Stat Trek

Teach yourself statistics

Stat Trek

Teach yourself statistics

How to Choose Between Normal and t Distribution

Choosing between a normal distribution and a t distribution for statistical analysis depends on the nature of the data. Factors to consider include the type of statistic (e.g., proportion, sample mean), sample size, and knowledge of population variance. By following these guidelines, you can select the appropriate distribution for your analysis.

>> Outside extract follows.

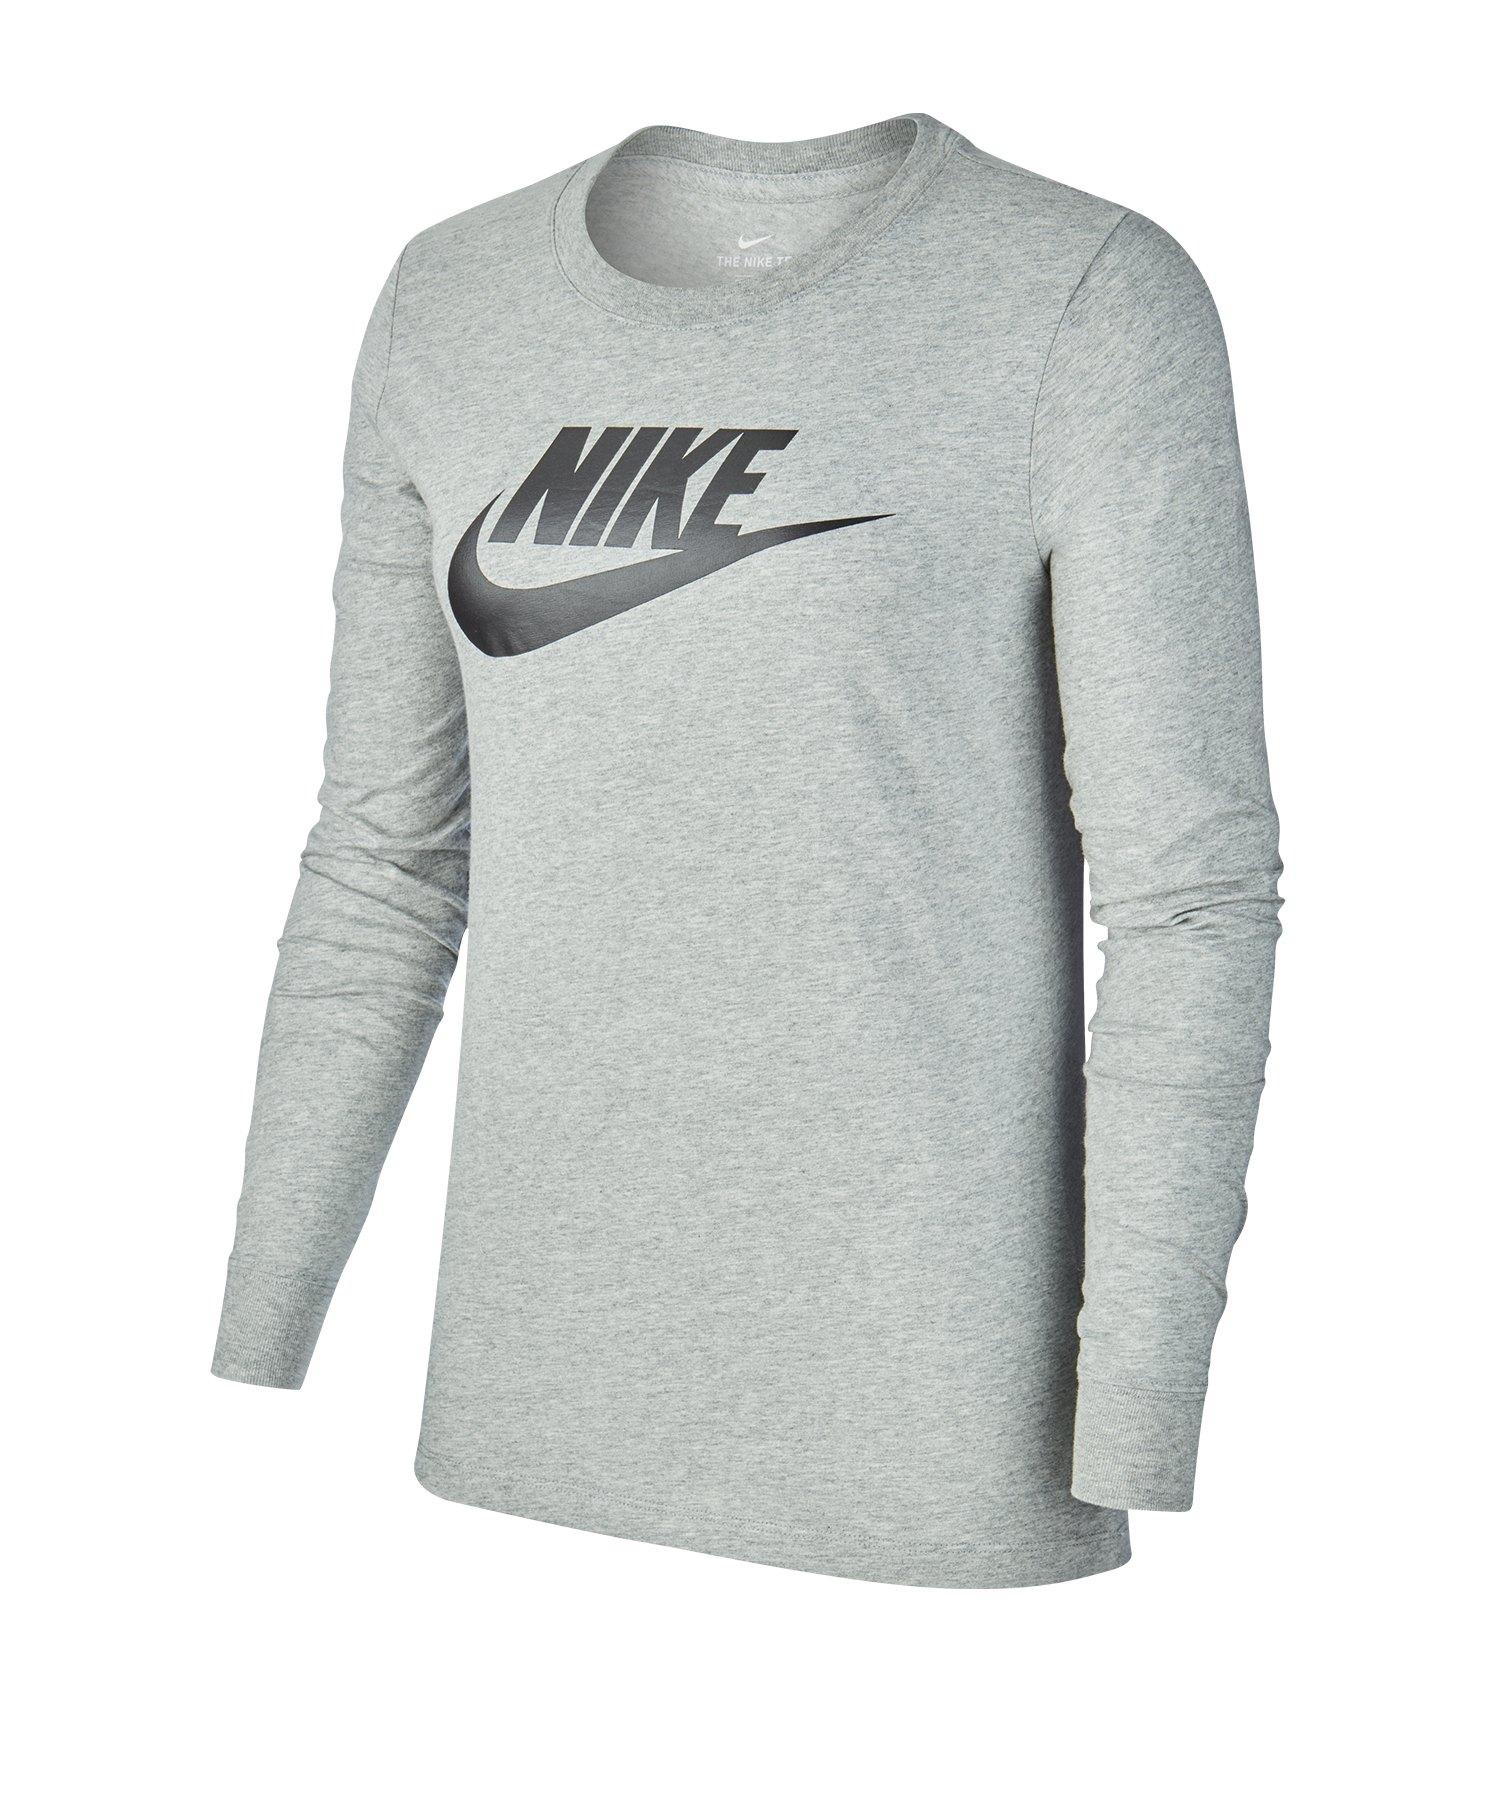 Nike Essential Shirt langarm Damen Grau F063 - grau

When to Use the Normal Distribution

The normal distribution can be used for statistical analysis of sample proportions and sample means. However, certain conditions need to be met. Here's when it is safe to use the normal distribution.

Sample Proportions

Use the normal distribution with a sample proportion when all of the following conditions are true:

  • Population size (N) is at least 10 times sample size (n).
  • The sampling method is simple random sampling.
  • n * p ≥ 10, where p is the sample proportion.
  • n * (1 - p) ≥ 10.

Note: When the sample proportion p equals 0.5, the last two conditions require that at least 20 observations be sampled from a population for the sampling distribution to be approximatley normal. When the sample proportion p is more extreme than 0.5, more observations are required.

Sample Means

Use the normal distribution with a sample mean when both of the following conditions are true:

  • Sample size is large. When the sample size is large (n ≥ 30), the central limit theorem ensures the sampling distribution of a mean is approximately normal, even if the population distribution is not.
  • Population variance is known. If the population variance (σ) is known and sample size is large, the test statistic follows a normal distribution.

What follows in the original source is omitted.